Comment by re
1 year ago
The full text search is a little confusing because it doesn't actually search them in order, though it appears to at first. And if you click "next" a few times and then "prev" the same number of times, you don't necessarily end up back at the same UUID you were at before. It's a neat-seeming trick though.
It’s an interesting question whether that could be fixed. I think the answer is Yes. If the author didn’t do any scrambling, and just displayed UUIDs in numeric order, then it’s trivial to enumerate search results in order. Likewise, if you do something like adding a constant mod 16 to each hex digit, you could do the same thing when you generate UUIDs matching a substring. So the question becomes whether you could find something like that that gives a sufficiently convincing illusion of entropy but is still reversibile when you hold a subset of the digits constant. And it seems like it should be.

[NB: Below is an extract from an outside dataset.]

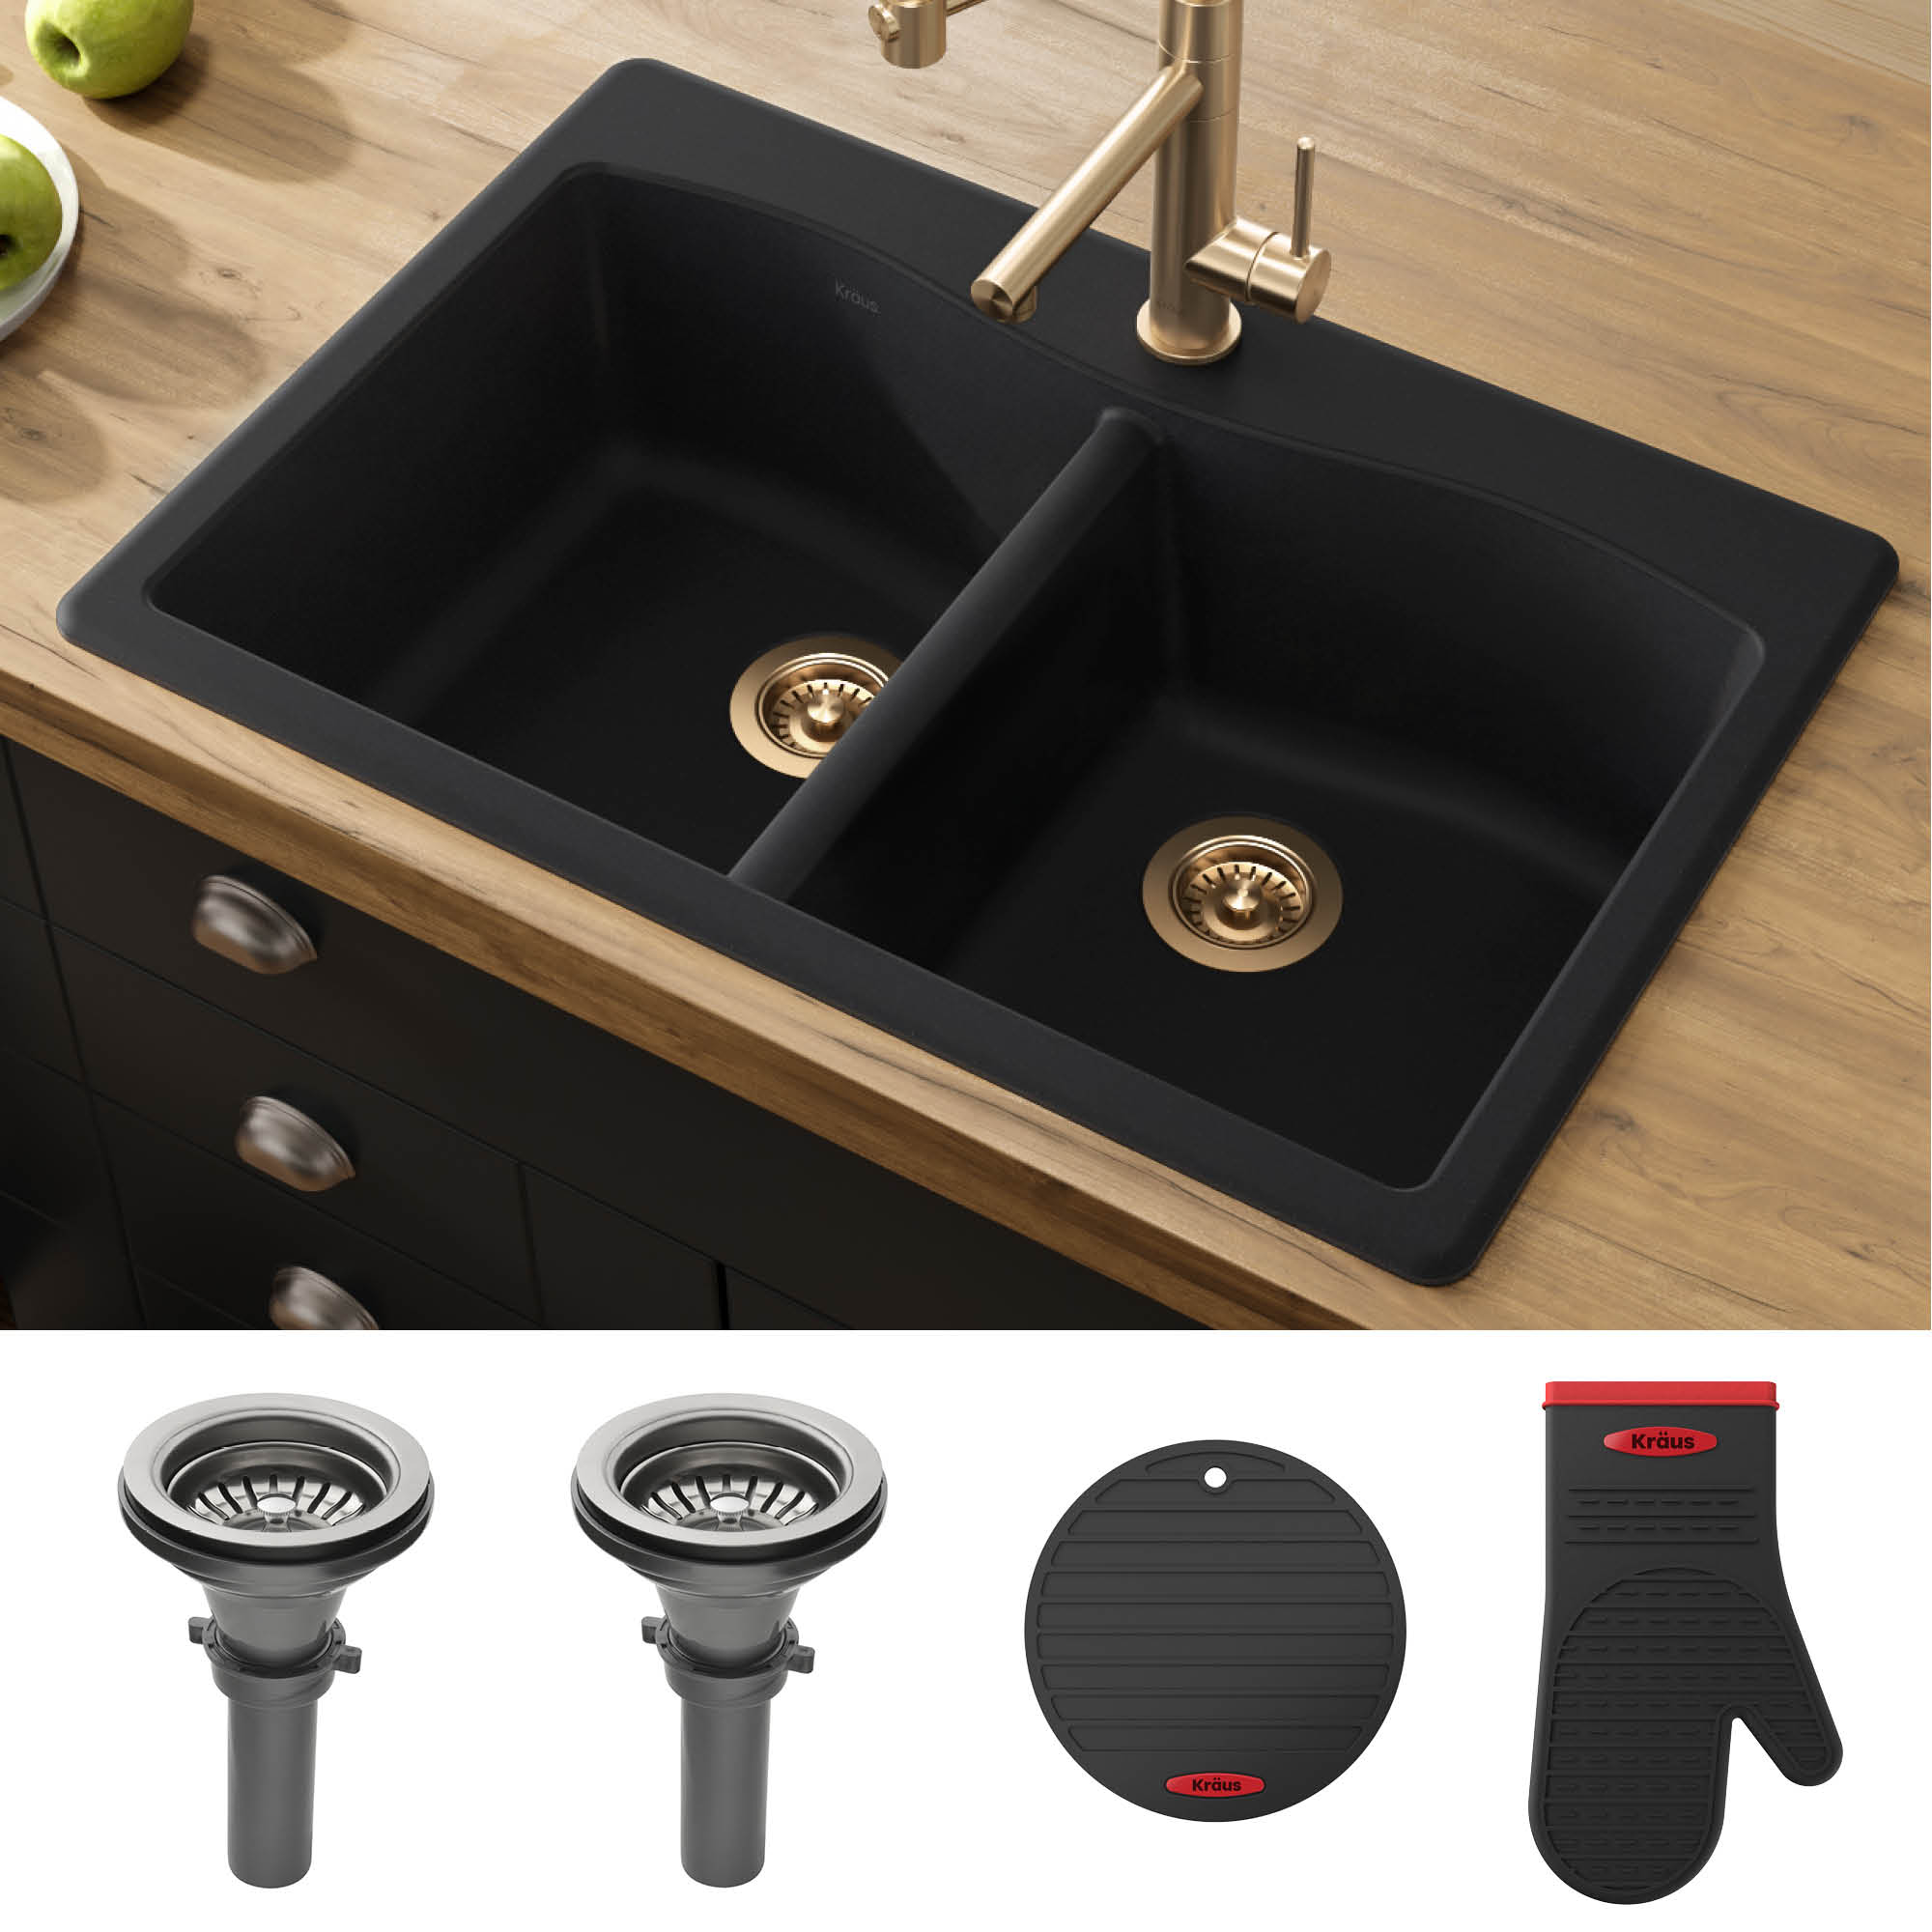 Chef 5 Min Meals 33 in. Dual Mount 50 to 50 Double Bowl Granite Kitchen Sink, Black

FWIW I am super interested in this question but feel like I don't know how to derive a satisfying answer, maybe because the one of my goals here (add "enough" entropy) is a real fuzzy "I know it when I see it" sort of thing.
But I'm gonna try to get a few more crypto-knowledgeable friends to chat with me about this and write up what I learn!
You've sniped me and I'm going to try and tackle this over the weekend. What's the best way to exchange things for you? Also, have you explored modular multiplicative inverses at all?
1 reply →
My first thought was to use linear transformations over Z_2 as a field, as that would create a natural interpretation of fixing certain bits as taking a linear subspace. Interestingly this leads to the property that XOR is preserved.
I implemented this in a very quick and hacky way for 32 bits. I generated a random boolean matrix M invertible in Z_2. To turn an input number x into a corresponding number y in an N-bit space, I convert x to binary and turn that into a vector of 1s and 0s, then multiply it by that randomized matrix to get y. Here are the first few y's corresponding to x=0, 1, ...:
00000000000000000000000000000000
0xx0x000xx00x0xx000xxx00xxx0x000
x0xx000xxxx0xxx00x000xxx0xx0xx0x
xx0xx00x00x00x0x0x0xx0xxx0000x0x
x0xx0x00xxx0xx0x00xx0x0xx0xx00x0
xx0xxx0000x00xx000x0x00x0x0xx0x0
00000x0x000000xx0xxx00x0xx0xxxxx
0xx0xx0xxx00x0000xx0xxx000xx0xxx
...
(Hoping the non-monospace font doesn't ruin the alignment too much.)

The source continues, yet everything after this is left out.